#### ASSIGNED TASK
Could every line of the listing be output exactly, with the pictures skipped?

#### STORED DATA

══════════

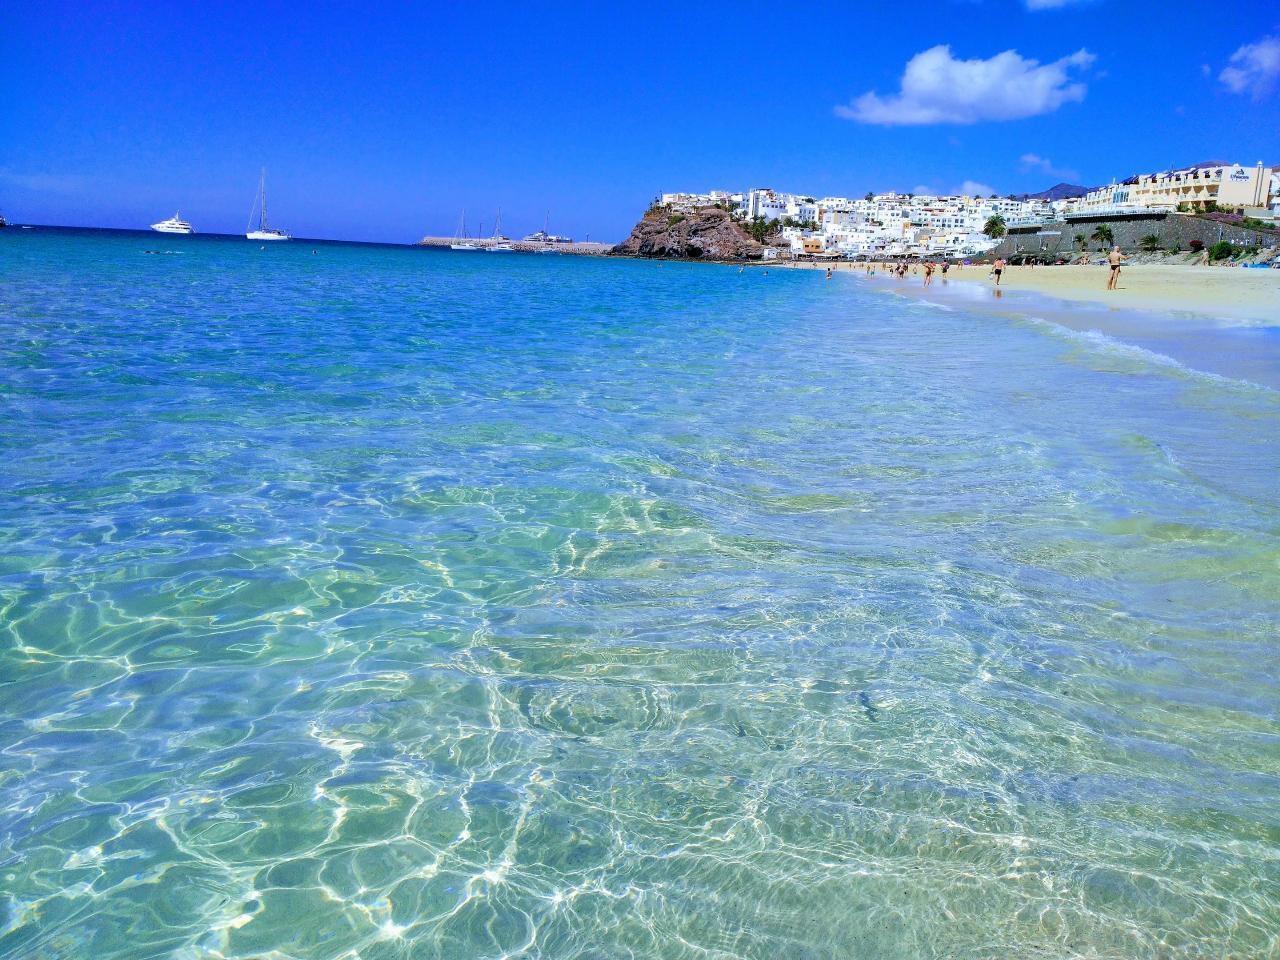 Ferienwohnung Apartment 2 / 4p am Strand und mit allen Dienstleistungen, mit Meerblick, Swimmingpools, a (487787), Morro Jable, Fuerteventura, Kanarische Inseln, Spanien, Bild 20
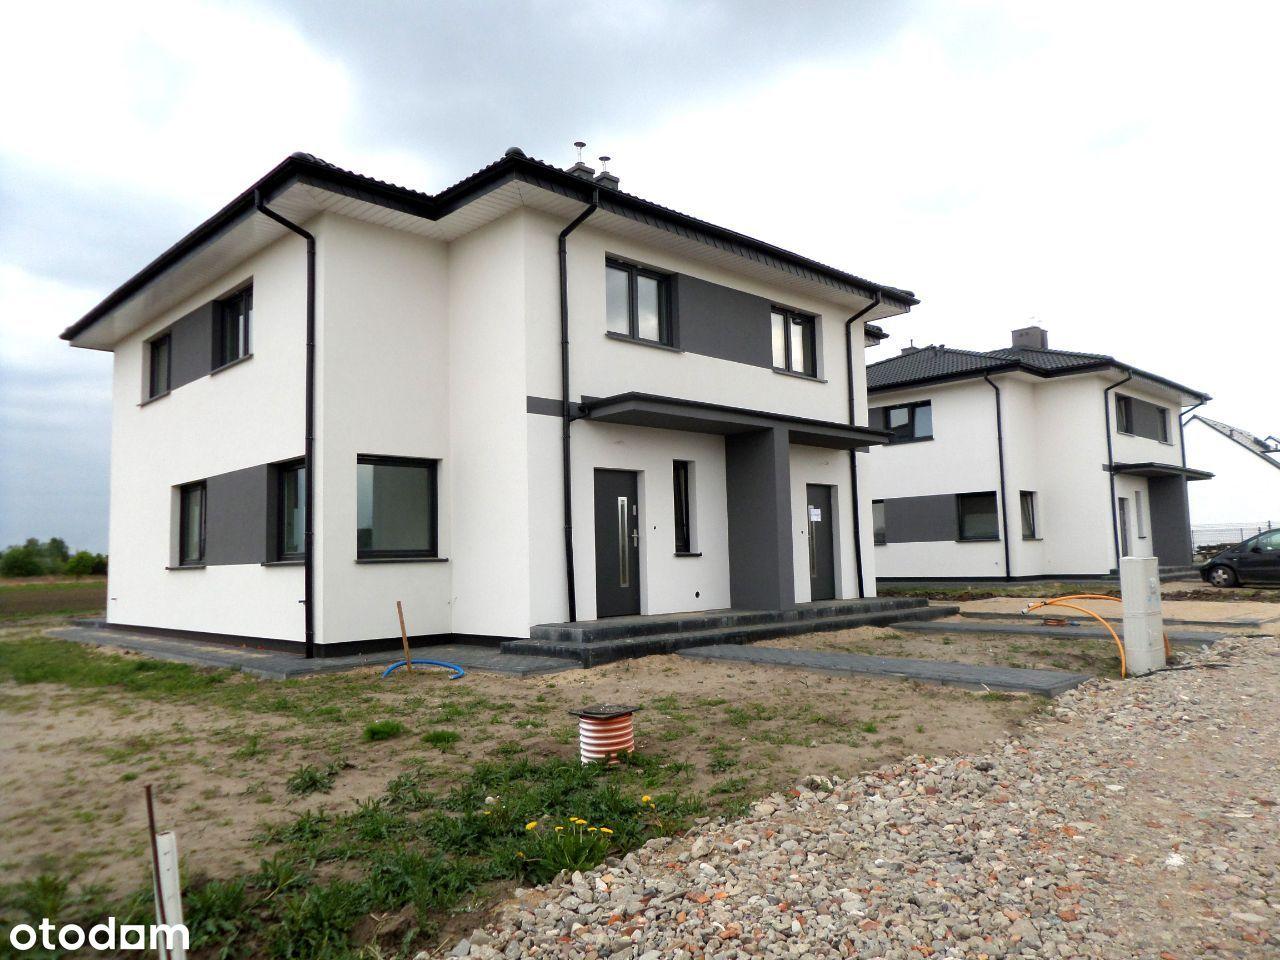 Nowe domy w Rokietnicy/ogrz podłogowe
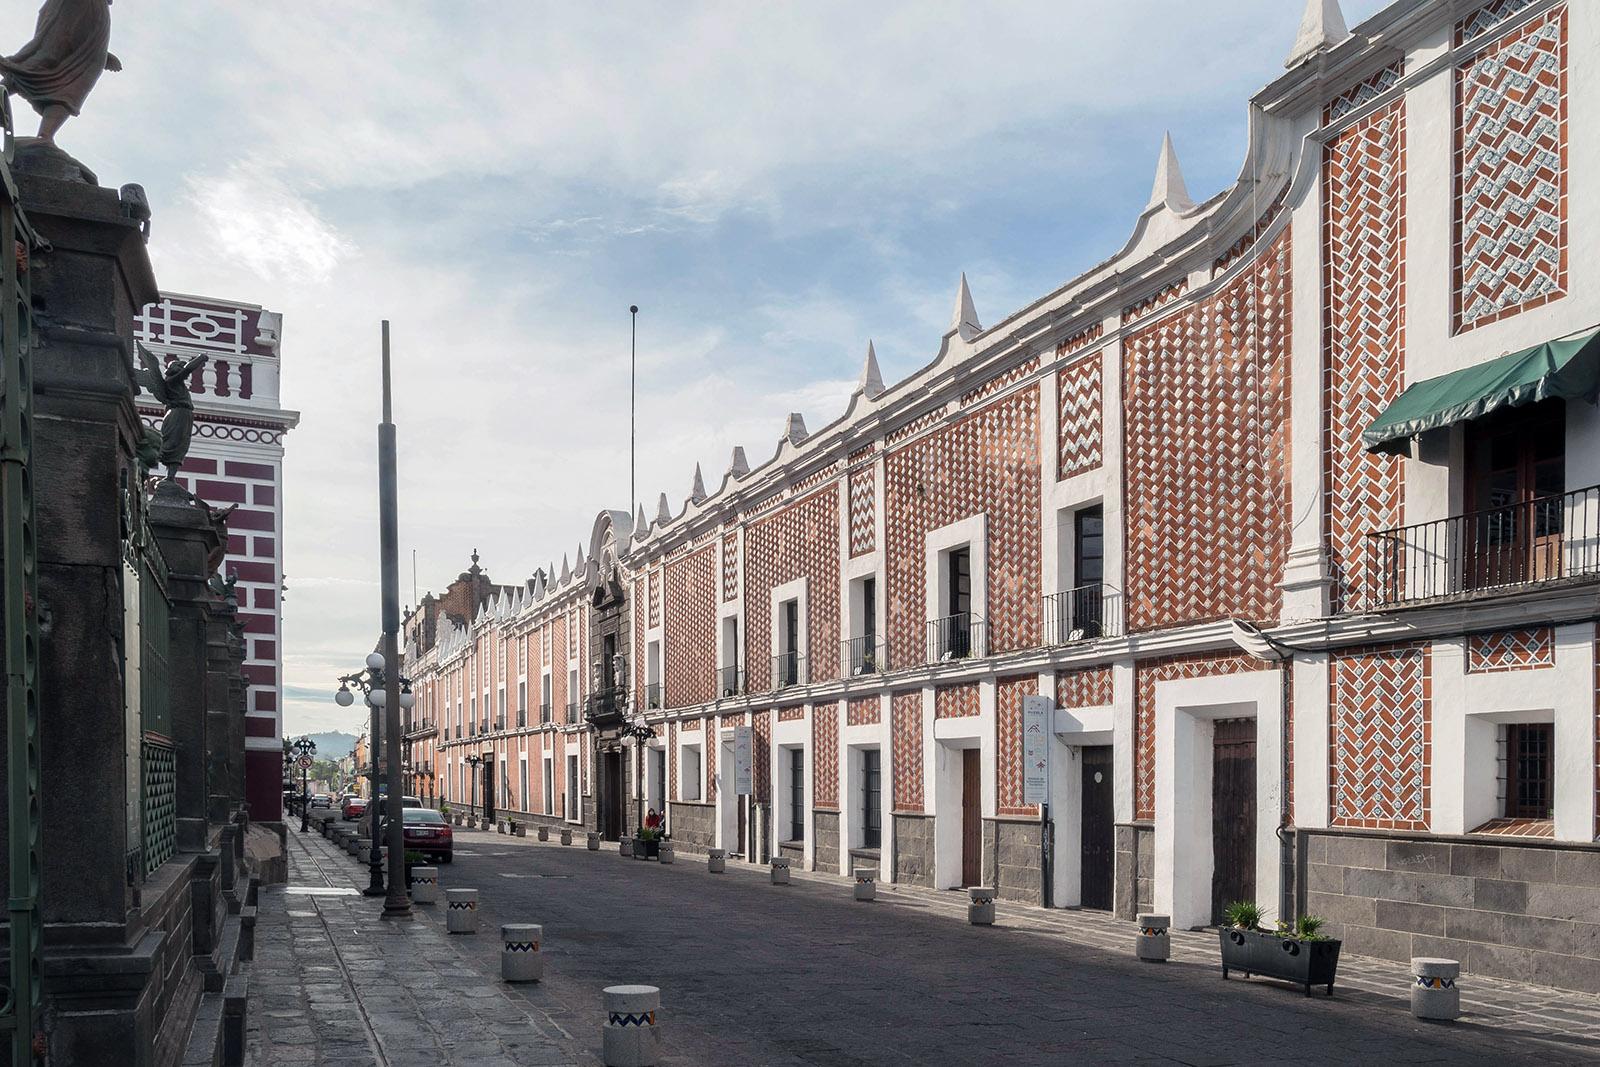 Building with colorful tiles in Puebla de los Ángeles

══════════

#### COMPLETED EXERCISE
 Ferienwohnung Apartment 2 / 4p am Strand und mit allen Dienstleistungen, mit Meerblick, Swimmingpools, a (487787), Morro Jable, Fuerteventura, Kanarische Inseln, Spanien, Bild 20
 Nowe domy w Rokietnicy/ogrz podłogowe
 Building with colorful tiles in Puebla de los Ángeles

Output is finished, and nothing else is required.